Serhii Plokhy - Chernobyl: History of A Tragedy

From Saturday Morning, 8:45 am on 7 March 2020

It’s been over 30 years since one of the reactors exploded at the Chernobyl nuclear power plant, near the city of Pripyat in what is now Ukraine.

While an acclaimed HBO/Sky miniseries has renewed interest in the accident, how it happened, and its historic importance, Harvard University history professor Serhii Plokhy has written an hour-by-hour account; Chernobyl: History of A Tragedy.

Comrades Legasov and Schcherbina watch as helicopters drop sand and boron on reactor four.

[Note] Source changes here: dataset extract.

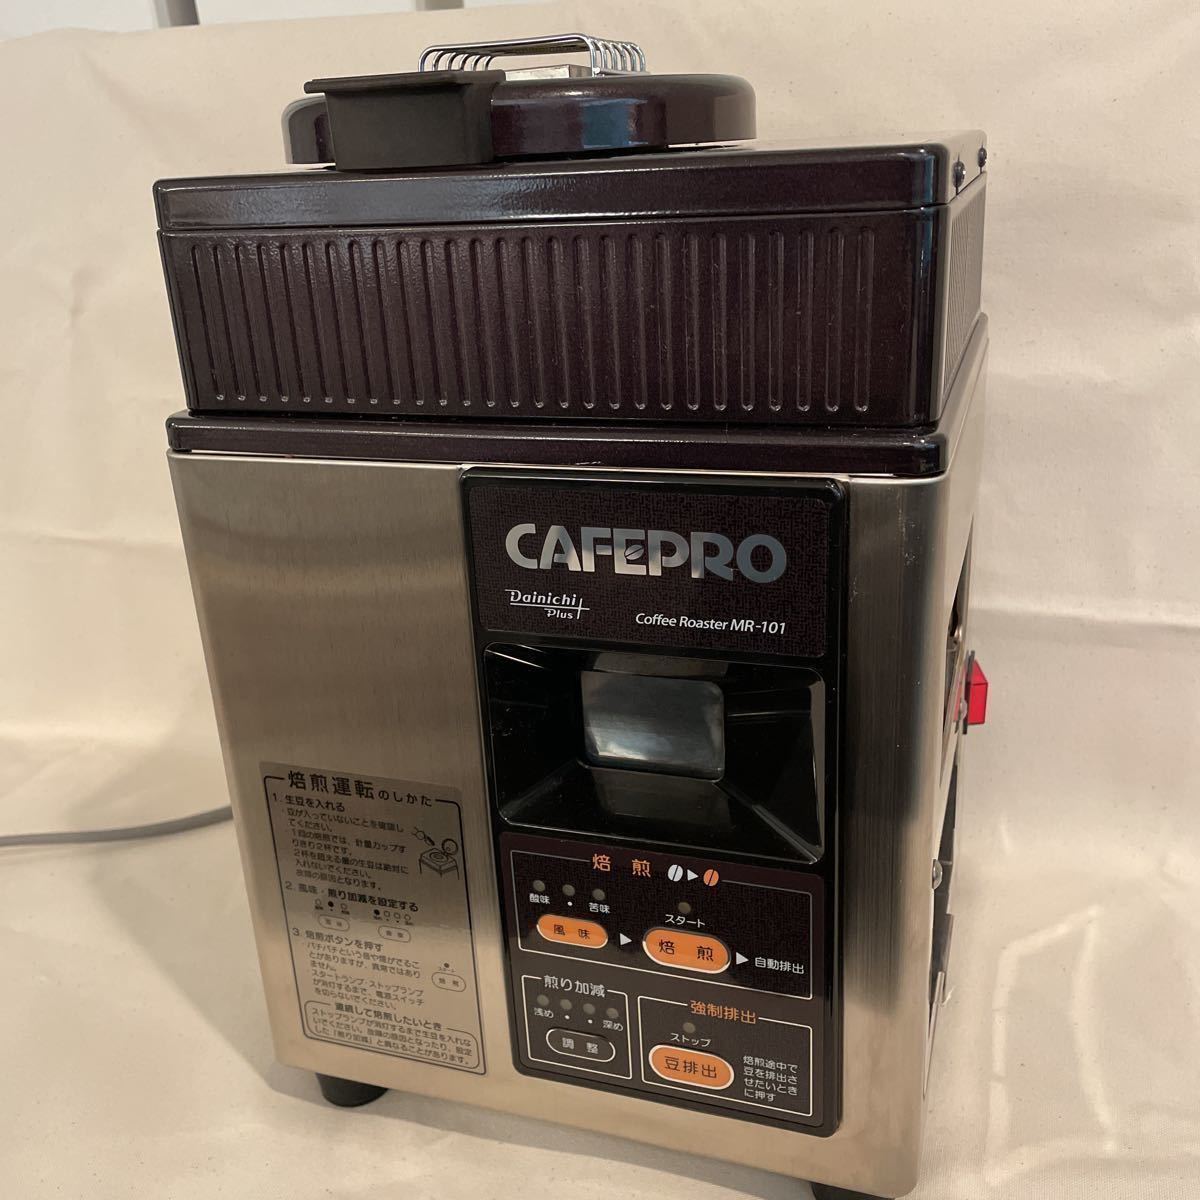 ダイニチ コーヒー豆焙煎機 カフェプロ MR-101 - JChere雅虎拍卖代购

The HBO miniseries sparked new interest in the events in Chernobyl Photo: HBO

The Chernobyl disaster of 1986 came during the Cold War.

As a result, the construction of the nuclear reactor, the way the industry functioned, and the fallout from the disaster was shrouded in secrecy.

With the final days of the Soviet Union, in late 1991, came the first public admission about the power plant's major construction problems from the Commission for Academy of Sciences.

The Soviet Union's culture of secrecy trumped the culture of safety, Plokhy says.

“The accident, in technological terms, of the same kind that we had in Chernobyl in 1986, happened also ten years earlier in 1975 at the nuclear powerplant in the city that is called today St Petersburg, it was called Leningrad back then."

While not at the same level as in Chernobyl, there was a release of radiation.

“The problem with the control rods and some other issues with the reactors, they were already obvious back then, but that information was kept secret, even from the people in the industry, the nuclear industry in the Soviet Union.”

Decontamination at Chernobyl

Decontamination at Chernobyl Photo: CC 3.0 BY-SA / IAEA Imagebank

In 1986, Plokhy was 500km from the reactor. He says he didn’t even know about the accident until 29 April, three days later, when Swedish media started to report on it, and the Soviet media followed suit.

“But talking in a way that didn’t provide information, assurances, or any advice on what the people in the close neighbourhood to the nuclear powerplant, or further away, should do.”

People were getting their information from foreign media, he says.

“Everyone understood that something serious had happened because normally Soviet media didn’t talk about accidents.

“Even if they were saying that everything was under control, that everything was taken care of, everyone knew that something big happened otherwise there would be no mention of it at all.”

But they didn’t know what exactly happened and people were suspicious of the government, he says.

Things are different now though; the Chernobyl exclusion zone is shared by Ukraine and Belarus.

“The country that built the reactor, the Soviet Union, doesn’t exist anymore but the problem with the fallout and issues with the damaged reactor, will continue for generations to come."

The construction of a new shelter has just been completed, but its lifetime is 100 years, which means a different generation will also have to deal with Chernobyl, he says.

“The more international cooperation, international standards and international control we can have, the better because at the end of the day, it’s the international community, the G7 in particular, that foots the bill.”